### Recorded information:
────
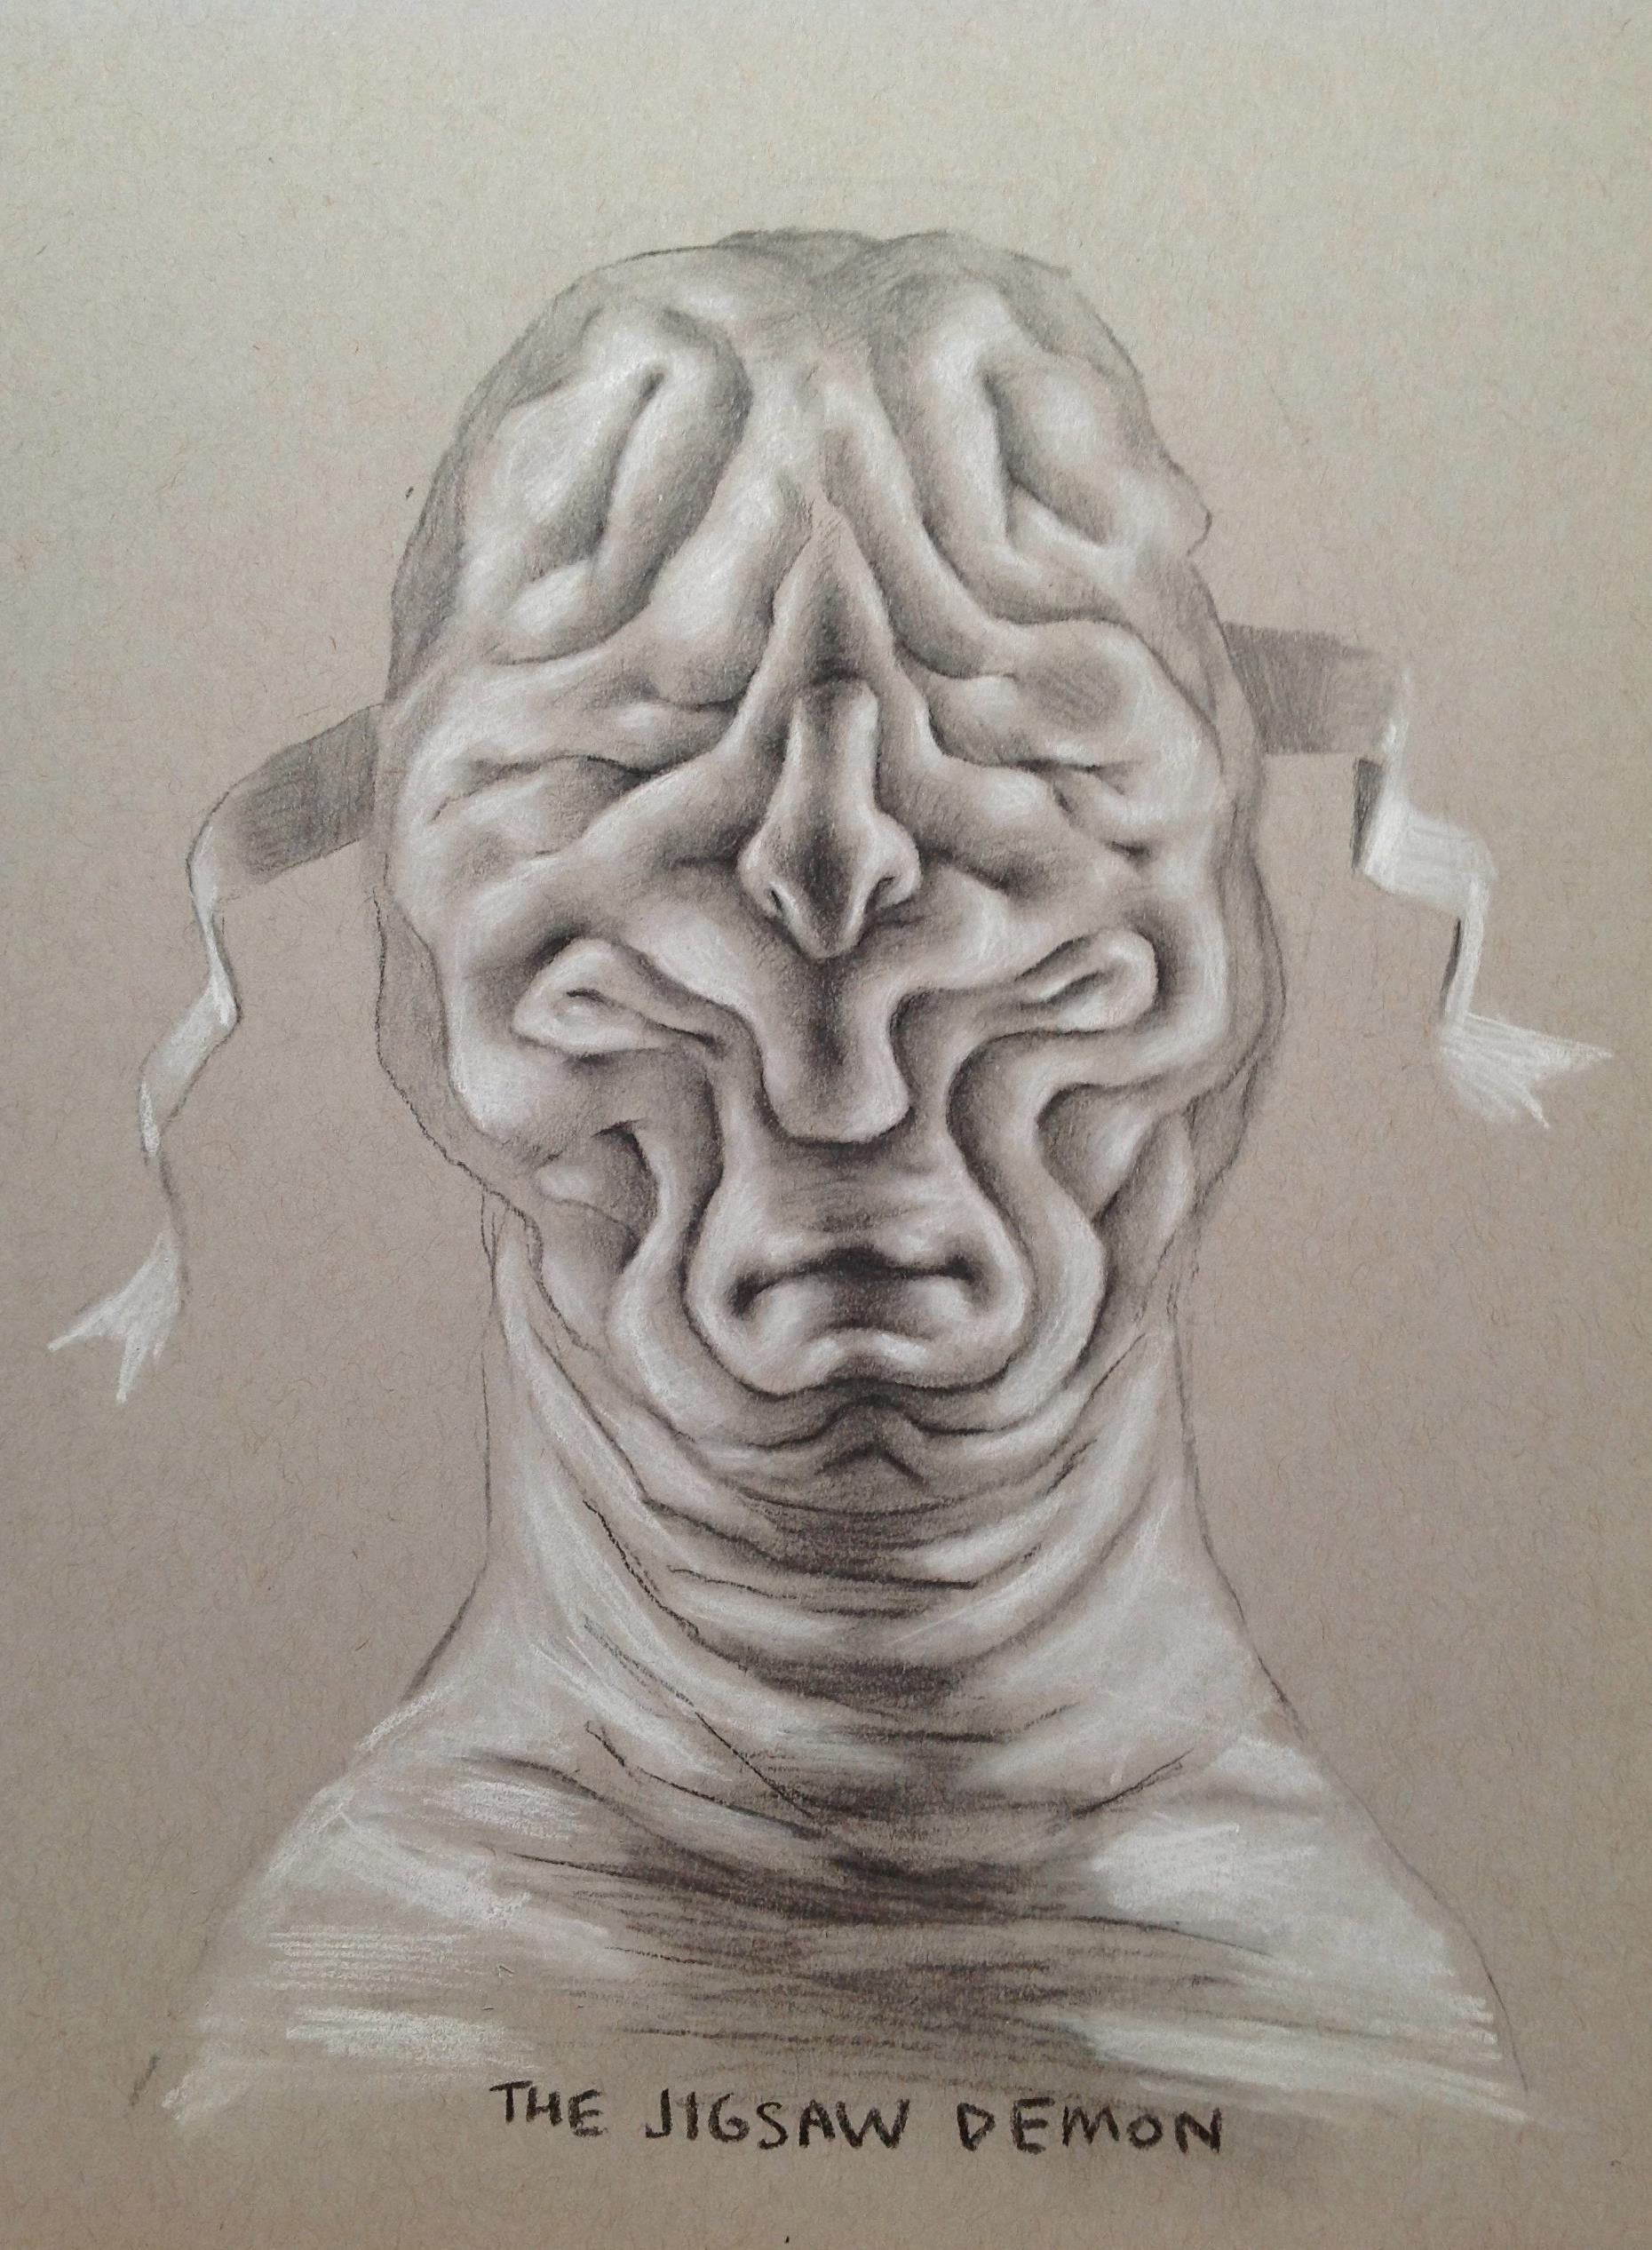 The Jigsaw Demon
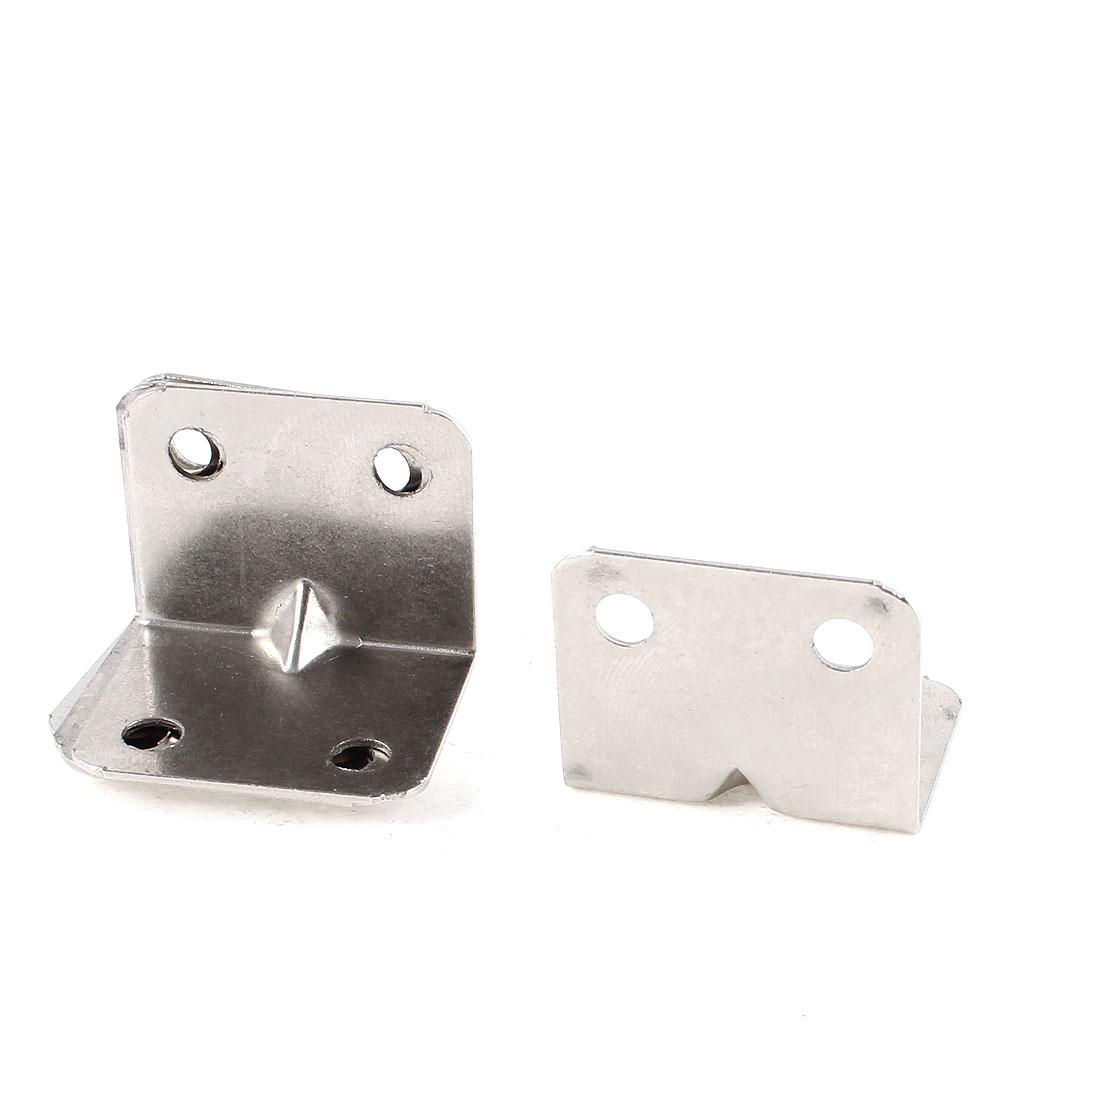 5 Pcs Furniture Metal Right Angle Corner Brace Shelf Brackets 30mmx25mm
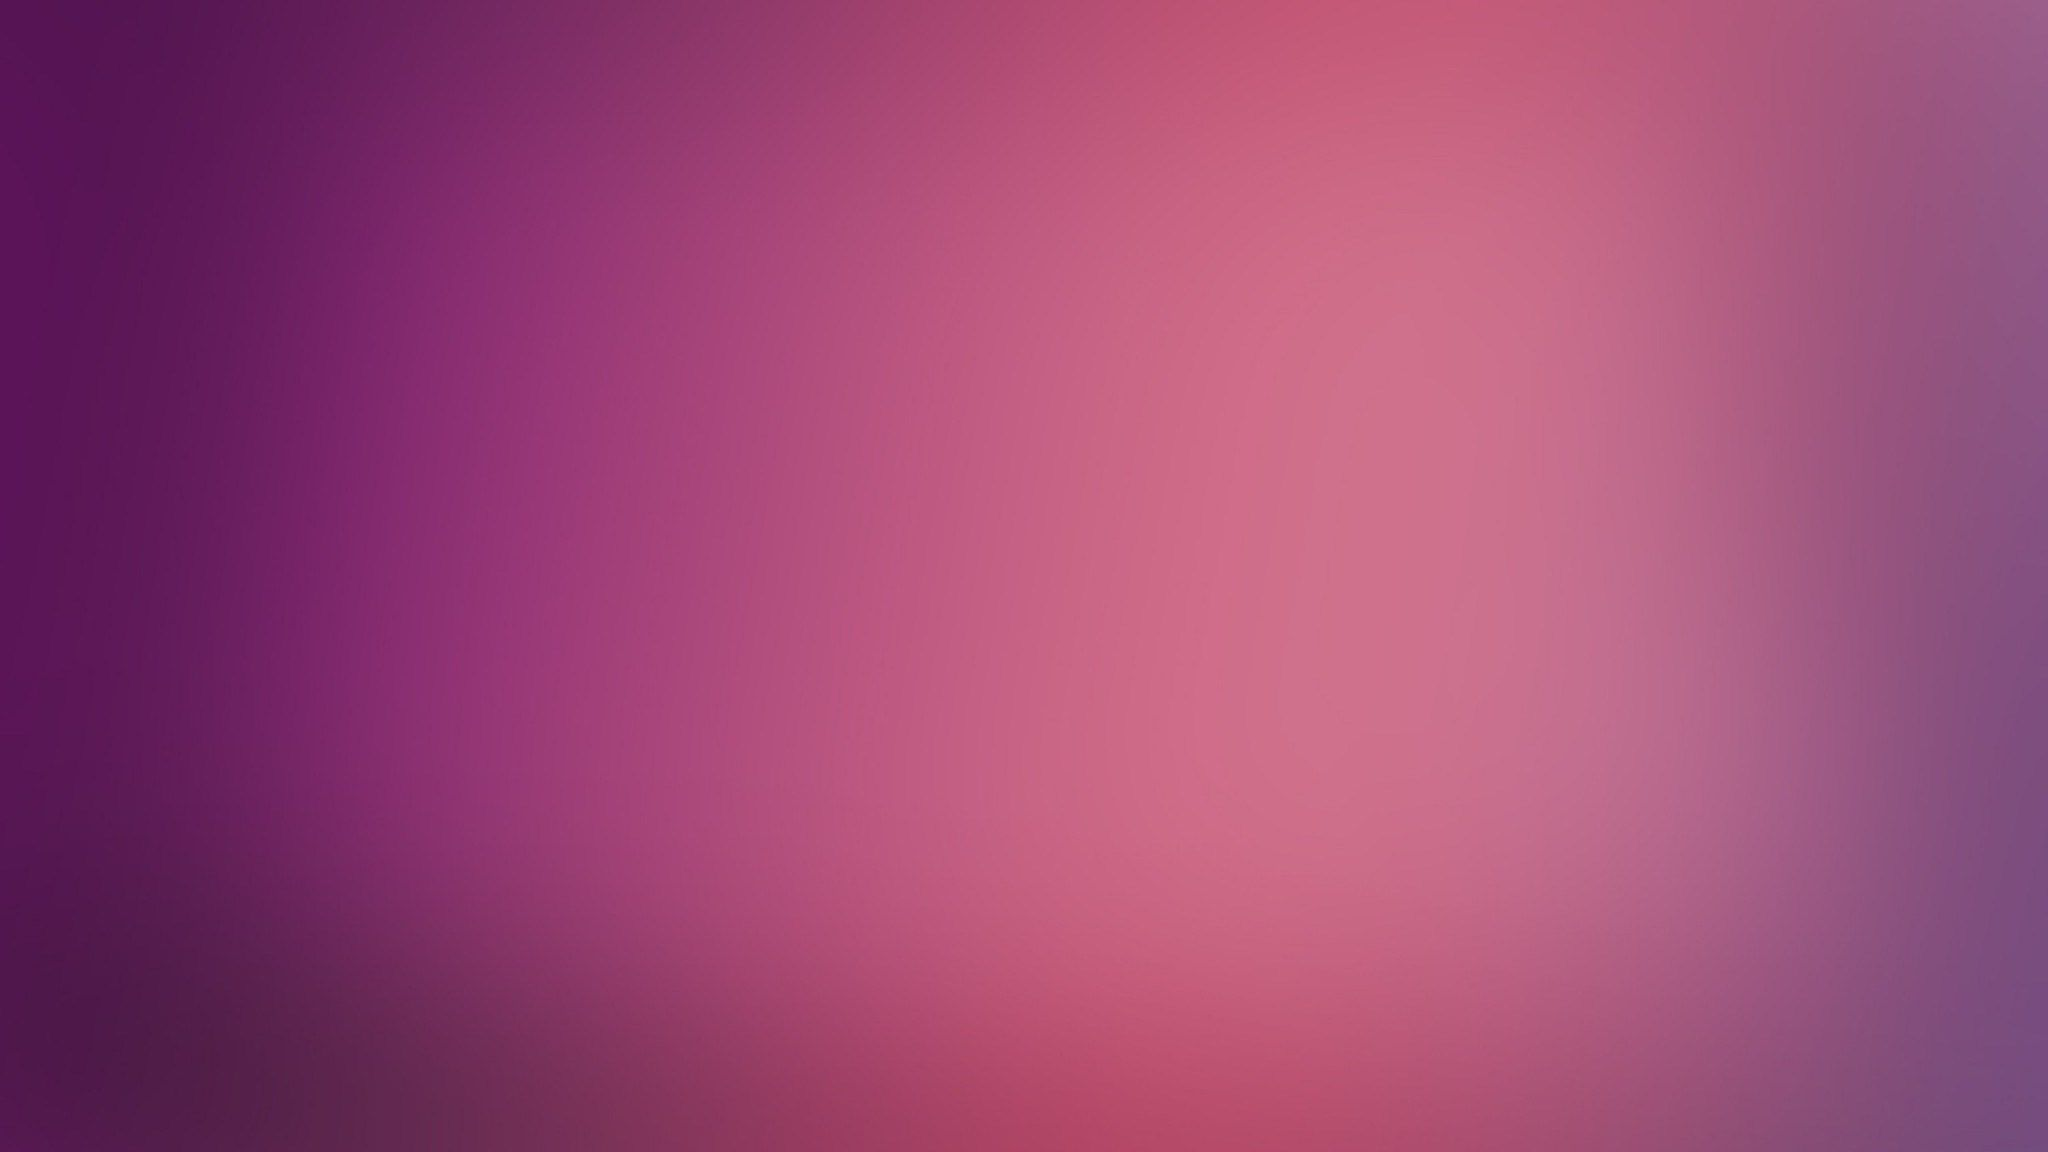 Solid Color Hd Wallpapers For Desktop
────
### Assignment:
Set down nothing but the lines from the one containing "5 Pcs Furniture" to the final line above, both included, with every picture left out.

### Result below:
 5 Pcs Furniture Metal Right Angle Corner Brace Shelf Brackets 30mmx25mm
 Solid Color Hd Wallpapers For Desktop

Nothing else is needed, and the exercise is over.